Efti talks about shaping culture as one of the ways of sustaining a productive remote team. He converted his entire on-premise office into a fully virtual one slowly by ensuring that the company culture was a fit for the employees. If employees feel safe, valued, and engaged in the company, you'd not have to move mountains to make them productive.
Applying Efti's advice
In remote settings, taking care of the culture can be a bit hard as the mutual connection is mostly virtual. But there are ways with which company leaders can change the culture for good.
- Build a culture of care for all remote employees. Well-cared-foremployees could turn into your biggest asset at the organization. Understanding challenges, finding solutions, and laying your trust in your remote employees are fundamental to building a culture of care. Reach out to your team members, see what is irking them and invest in their well-being before they succumb to their issues.
- Overcommunication isn't that bad. Remote communication often comes with the risk of under-communication as there's always a virtual veil among team members. Overcommunication can help everyone be on the same page as frequently as possible and not give into confusion. Obviously, overcommunication doesn't mean pestering each other with messages but deciding to communicate as much as you can to leave no doubt unaddressed.
- Look for people who match the vibe and core of your company. Choosing the right people to work with, could take care of many challenges of remote work. If you could find professionals who enjoy flexibility as much as you do and are willing to give their 100% even from home, you won't have to worry about productivity dips so much. Finding and hiring people who vibe with your company is an important first step.

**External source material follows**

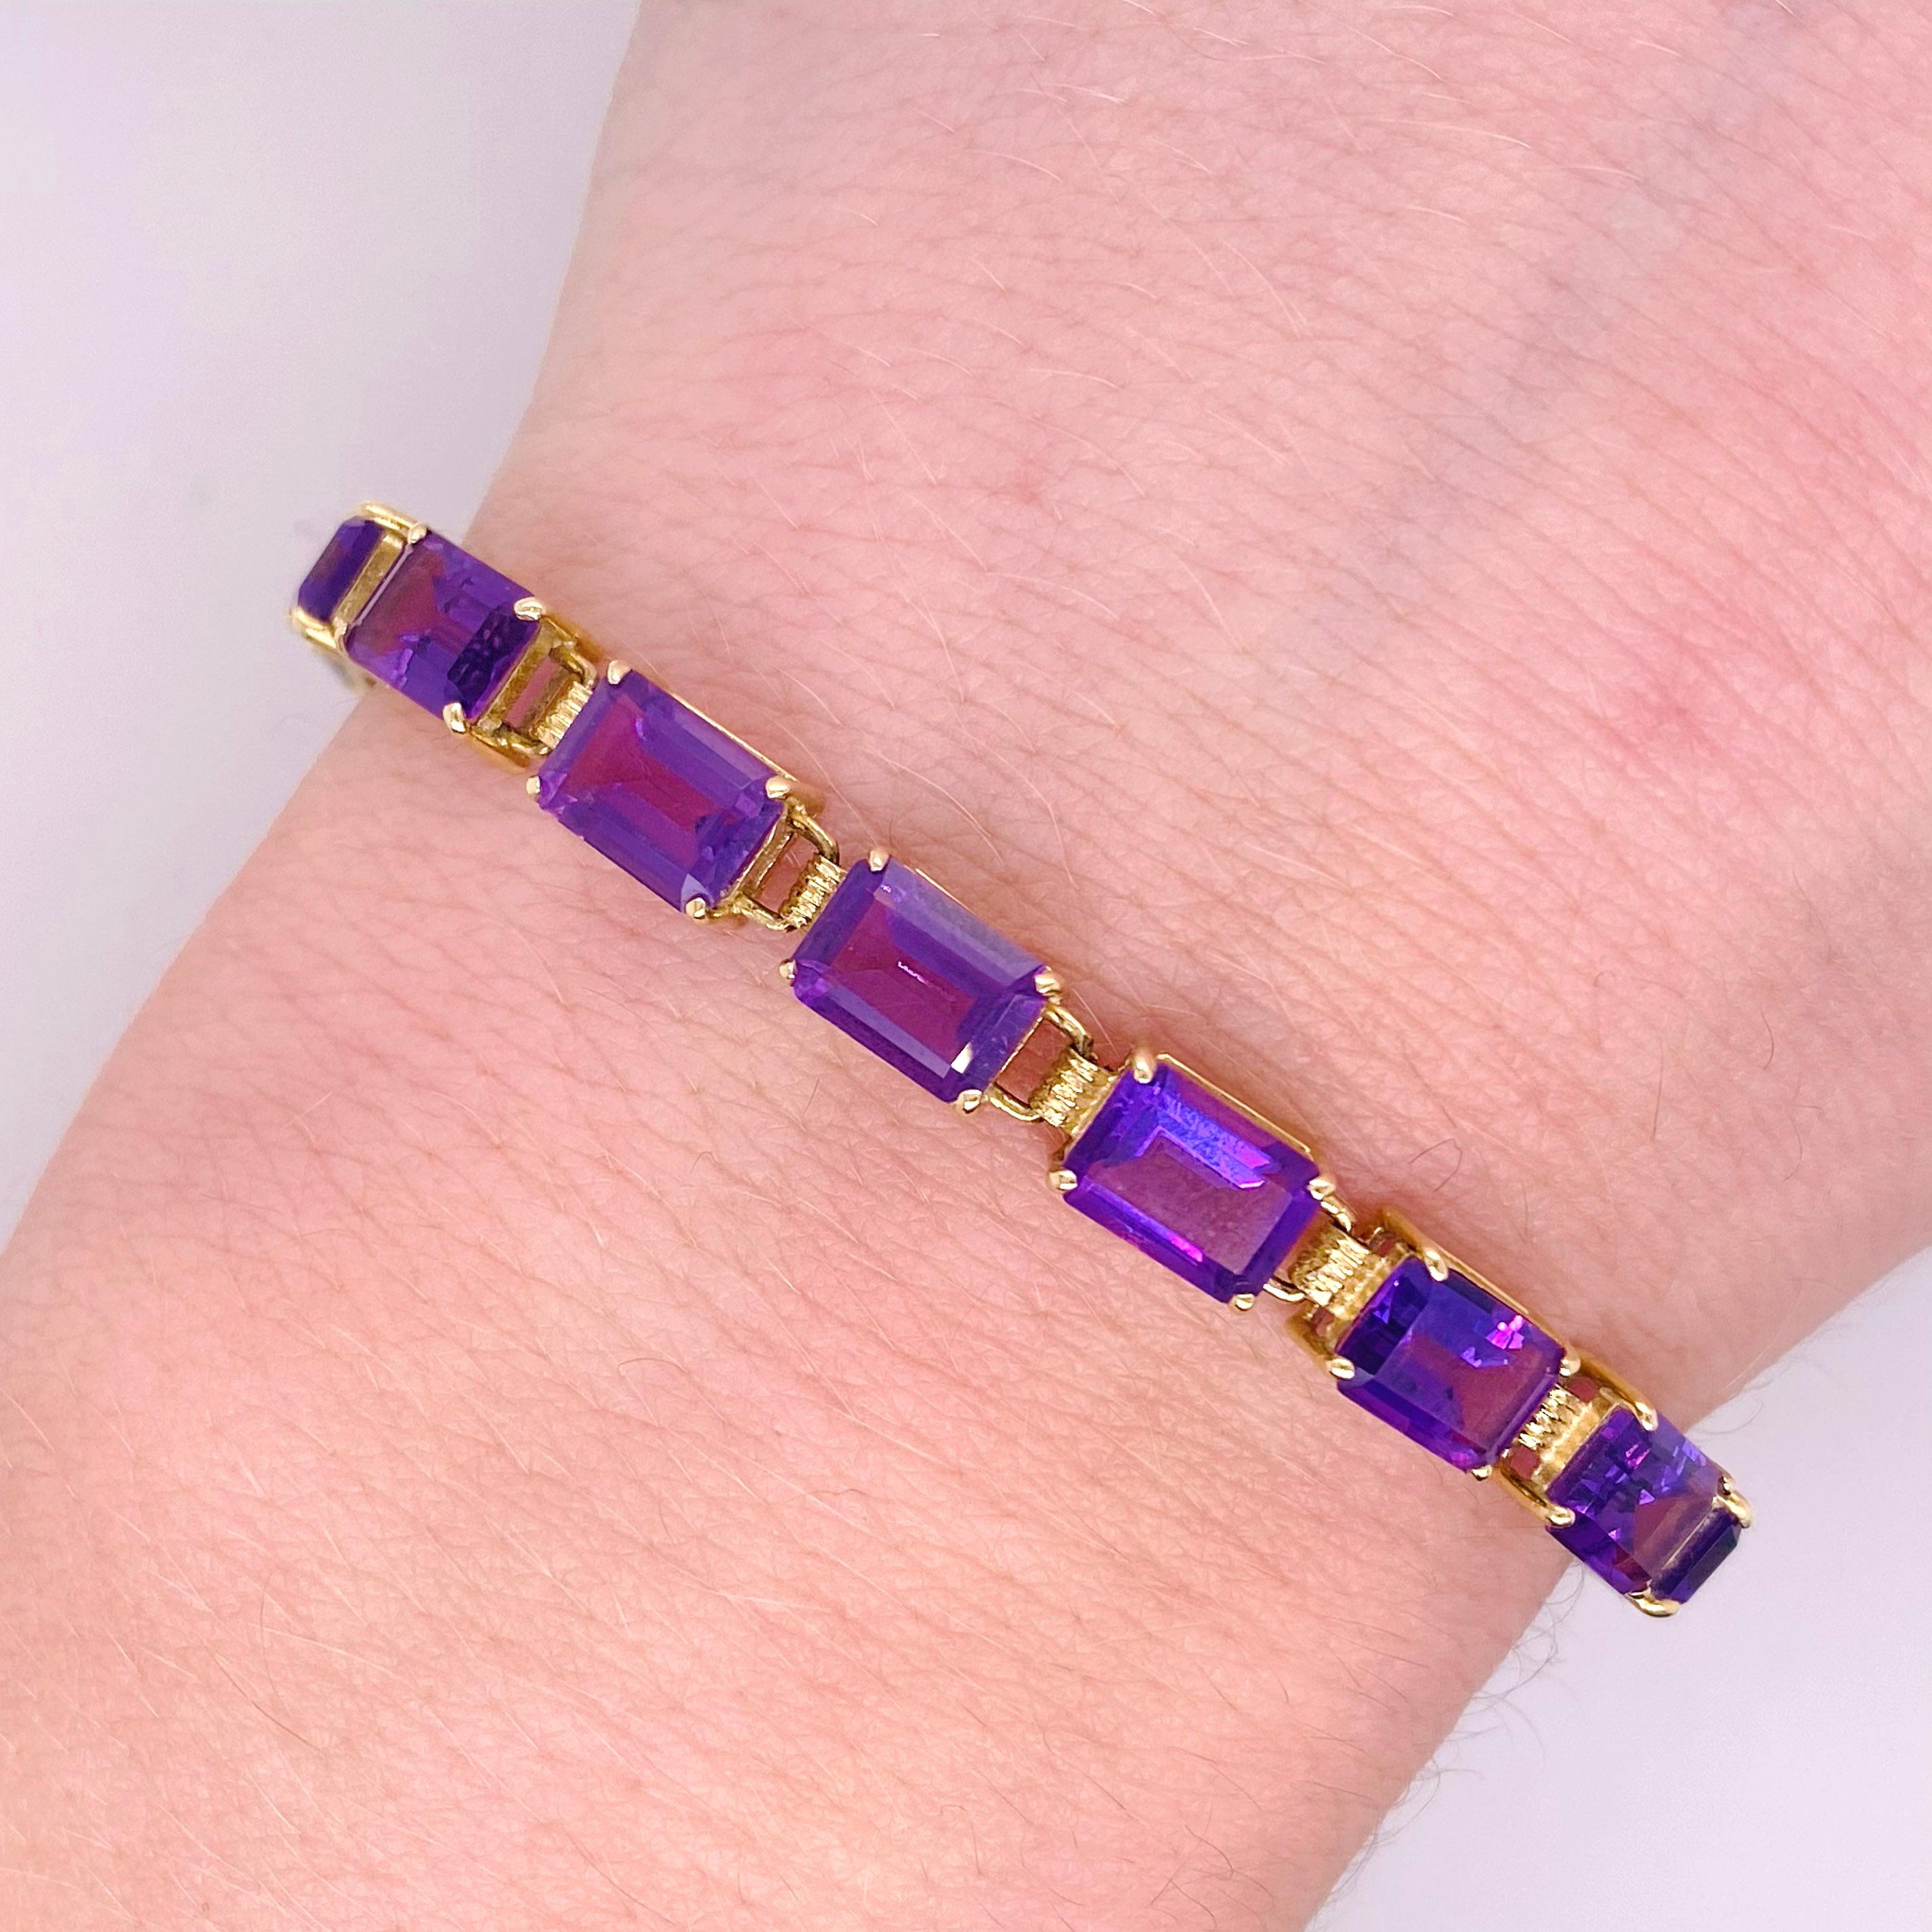 The 5.00 carat total weight amethyst tennis bracelet is handcrafted in 14 karat yellow gold.  The gemstones are nice and large and made from four prong baskets that have been skillfully assembled to each other .The bracelet is 7 inches long and fits

We have listened to some of the most influential personalities who have contributed a lot to making remote teams successful. Their opinions and suggestions are extremely valuable in understanding the future of work which undeniably will comprise remote work in large chunks.
Another thing that is clear with all the testimonies is that there is no surefire formula when it comes to making remote work productive. Each company learns to do so by experimenting and iterating. While that's not bad, it's always good to take advice from someone who's been there and done that.
Organizations that want to introduce remote work at their workplaces or are looking to go fully remote must pay close heed to all the advice in this article. All of the quotes stem from real-life experiences and there's a lot to learn from each individual who has been making remote work rewarding for their team.